JEFFERSON CITY — State House Speaker Ron Richard said Monday that Missouri should spend — not save — a more than $200 million influx from the federal government under an extension of part of the economic stimulus act.
Richard has said the Republican-led House will attempt Wednesday to override Democratic Gov. Jay Nixon's veto of a bill creating a special fund for the federal money.
But Richard acknowledged Monday that the special fund itself is not his primary concern. The main purpose of the override attempt is to draw attention to his belief that the House has been left out of discussions about how to use the federal money, Richard said.
A two-thirds majority of each the House and Senate is needed for a veto override, meaning House Republicans would need the votes of almost two dozen Democrats. Republicans already control two thirds of the Senate seats.
Incoming House Democratic leader Rep.
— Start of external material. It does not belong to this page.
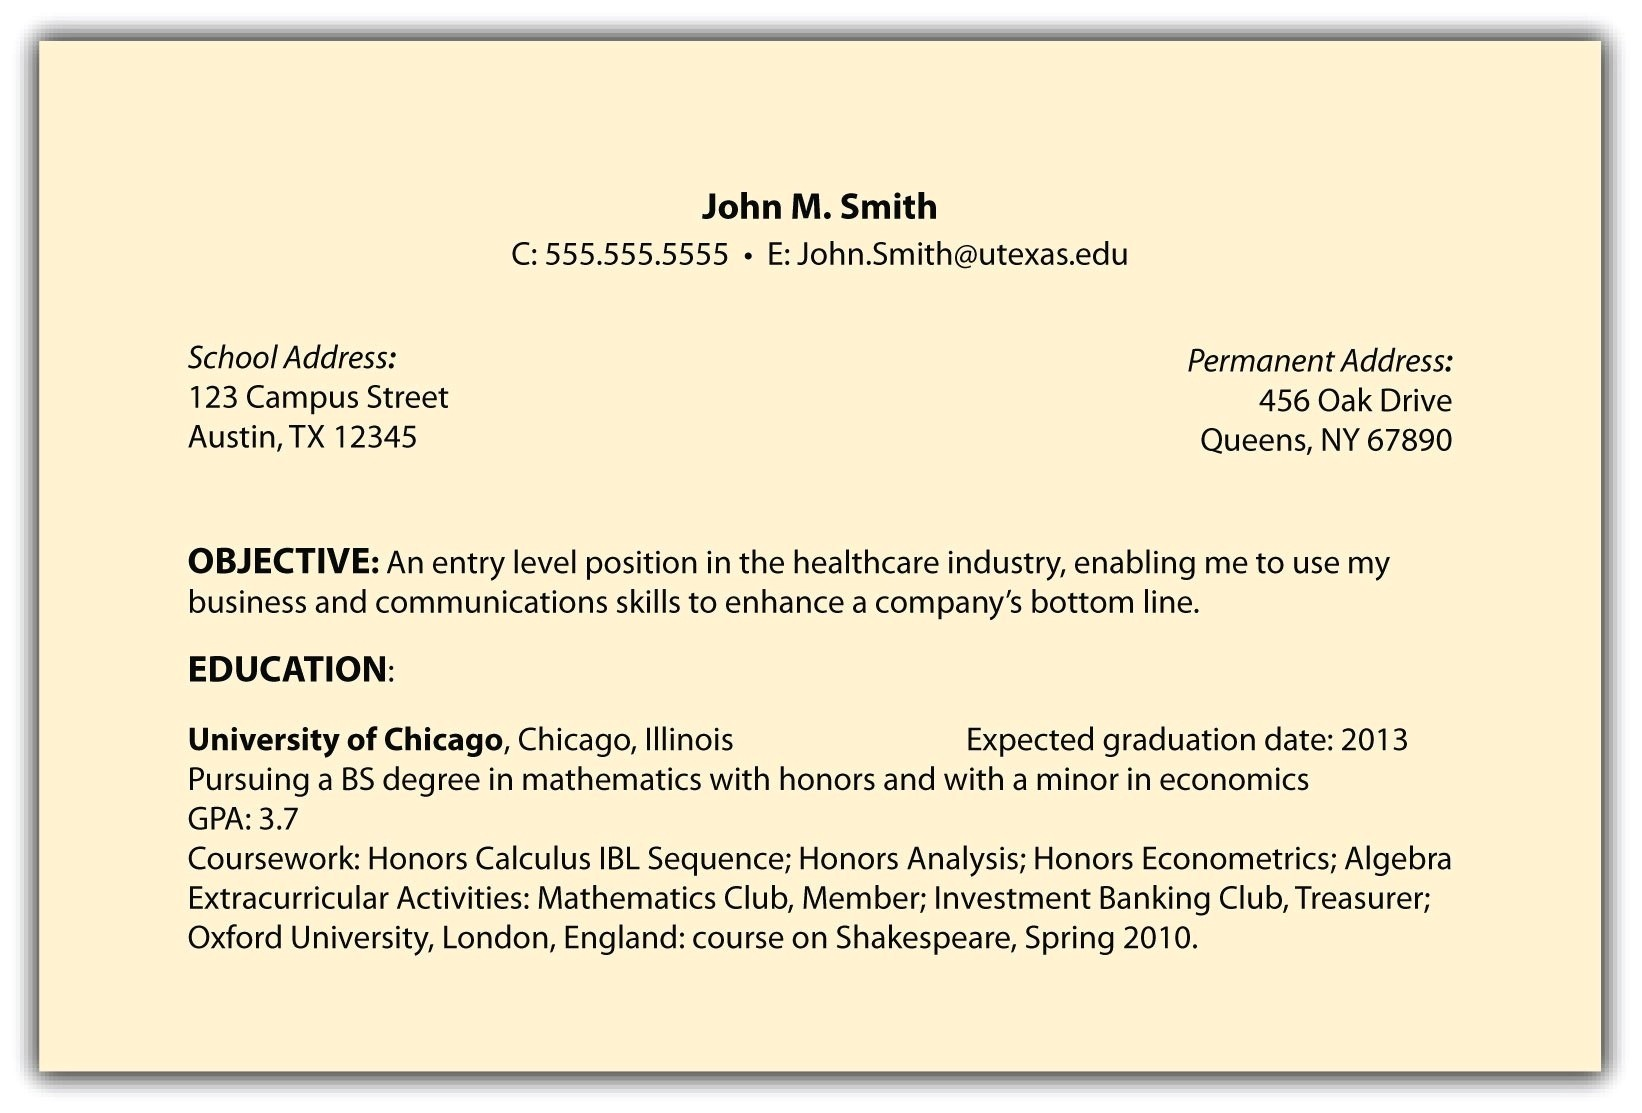 Resume Sample Objectives Career Objective On Resume Template Resume Builder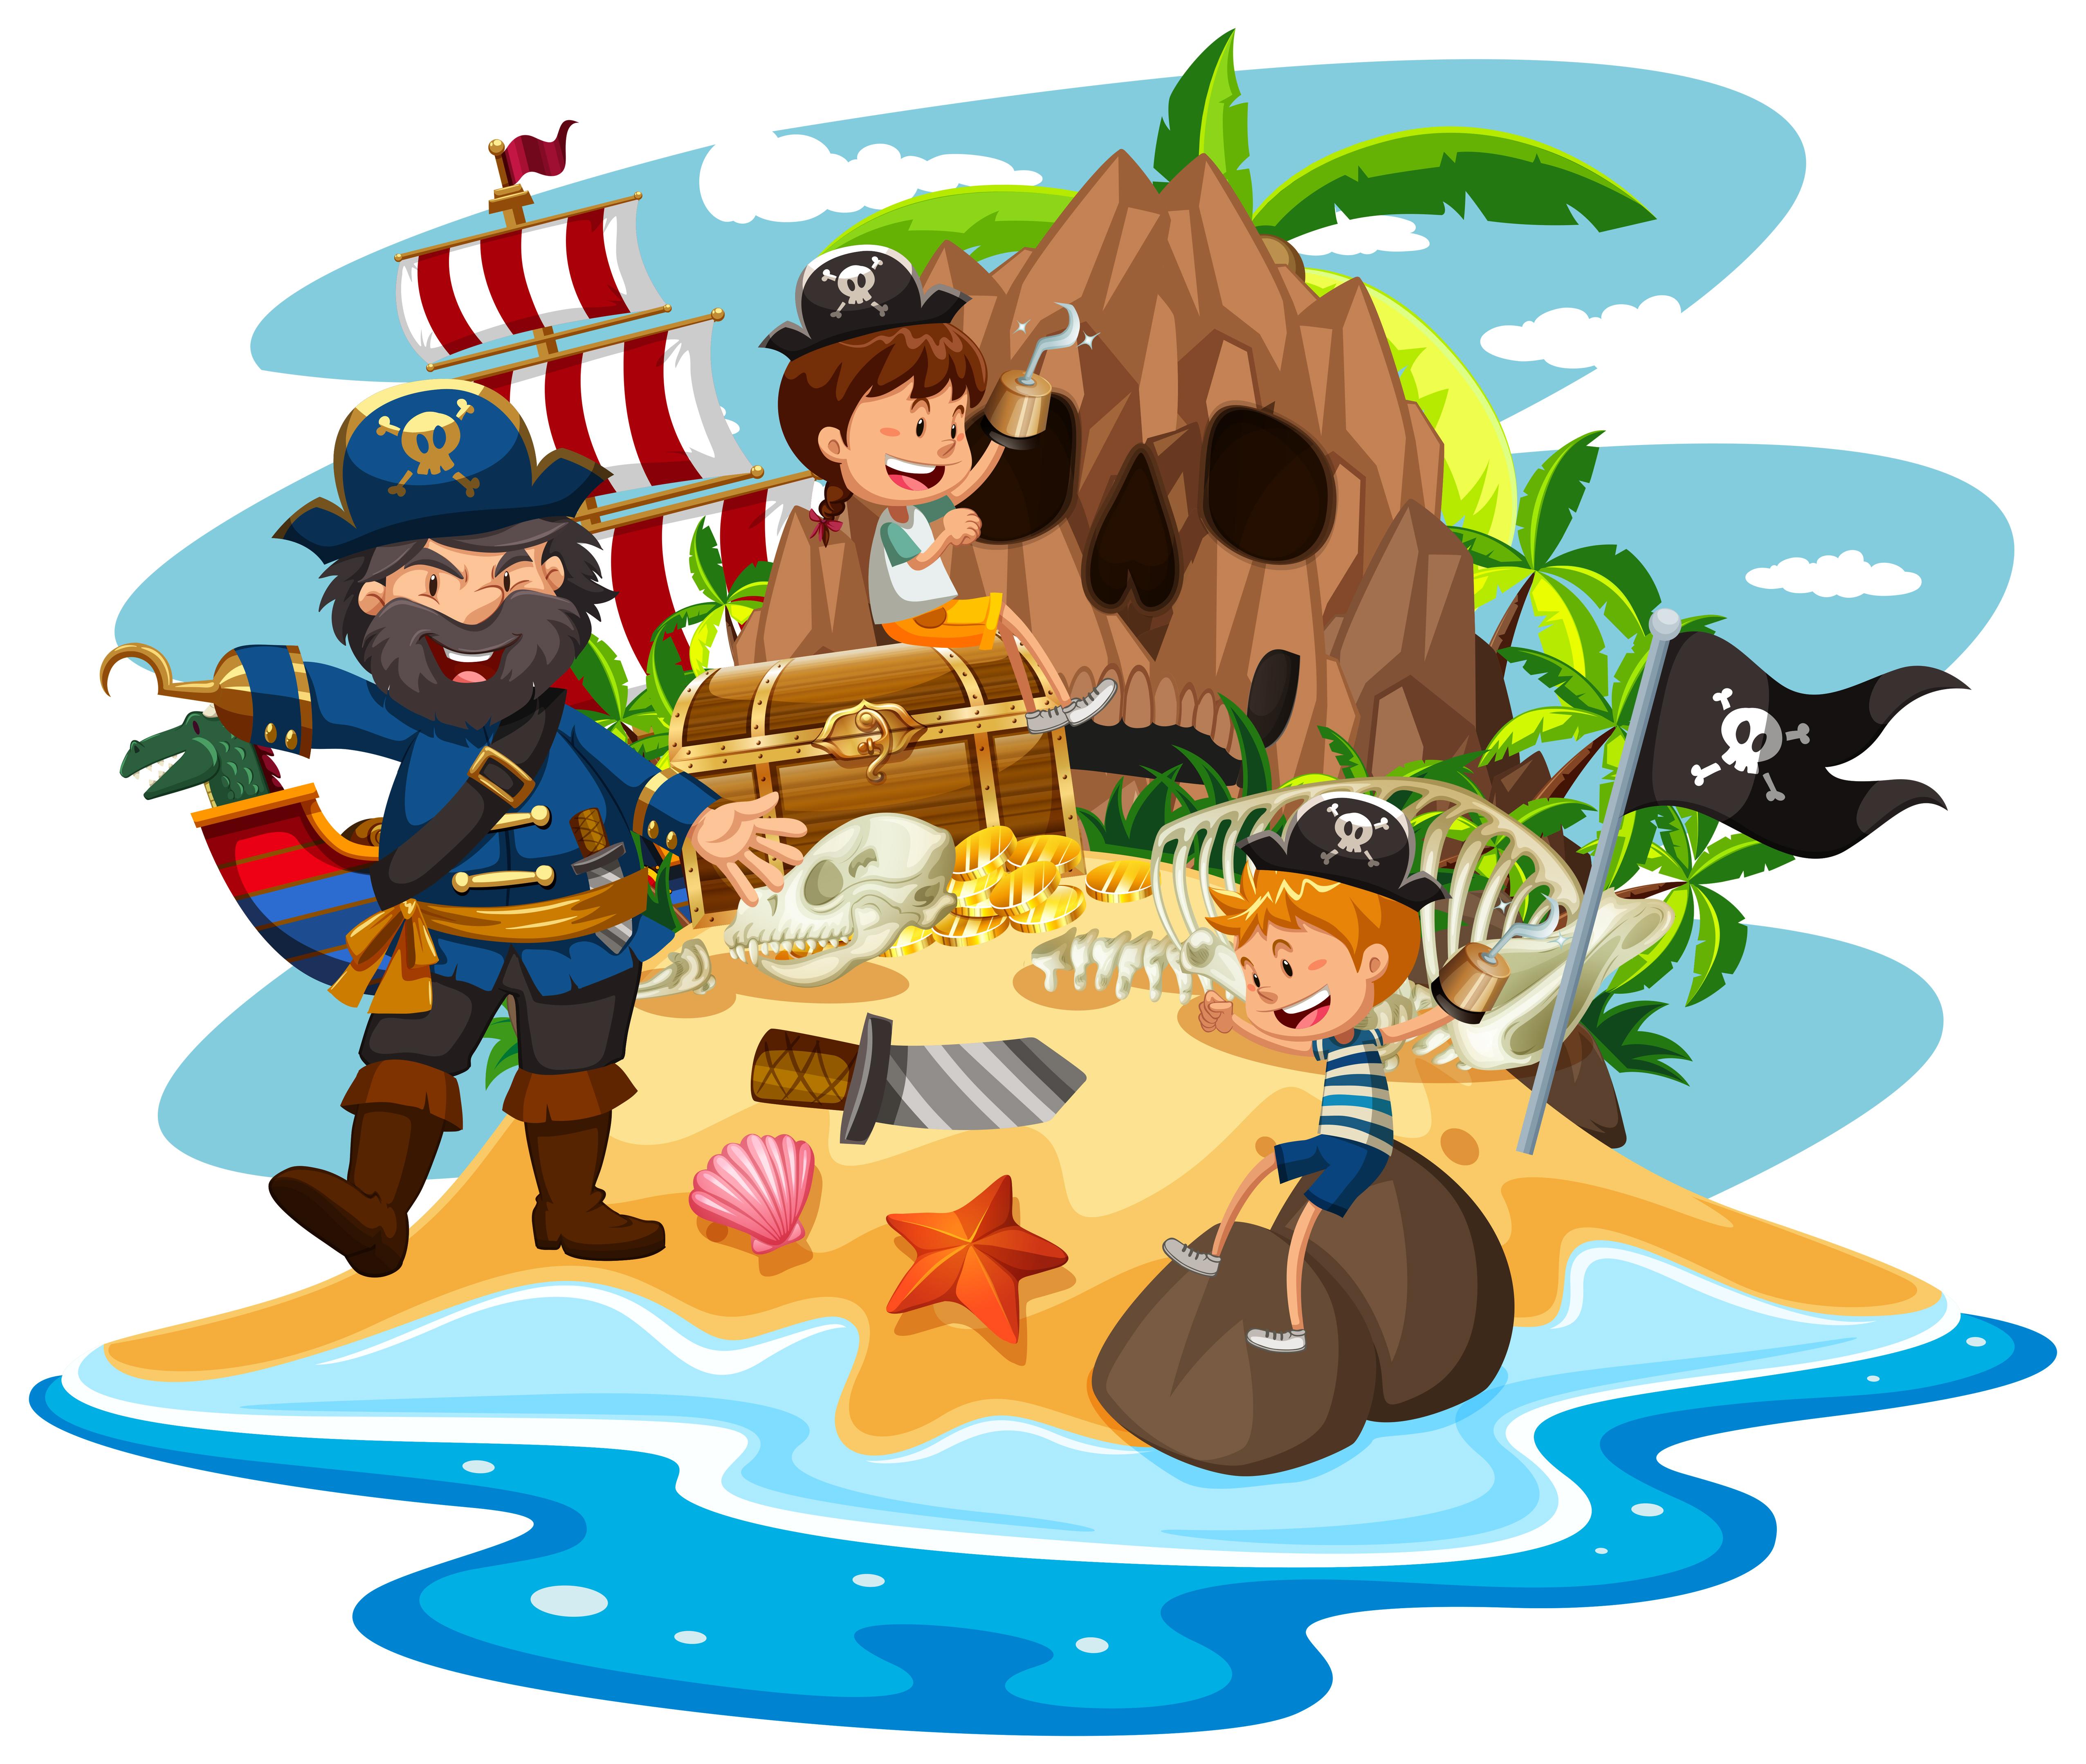 ocean scene with pirate and children on treasure island

Mike Talboy called the veto override vote "an attempt to throw a dagger at the governor" and said he expects most Democrats will oppose it.
"All it looks like to me is political games in the fourth quarter of the political season," said Talboy, of Kansas City.
Missouri expects to receive $209 million in enhanced Medicaid payments from Jan. 1 through June 30 as part of a six-month extension approved this summer by Congress of a provision originally included in the 2009 federal stimulus act.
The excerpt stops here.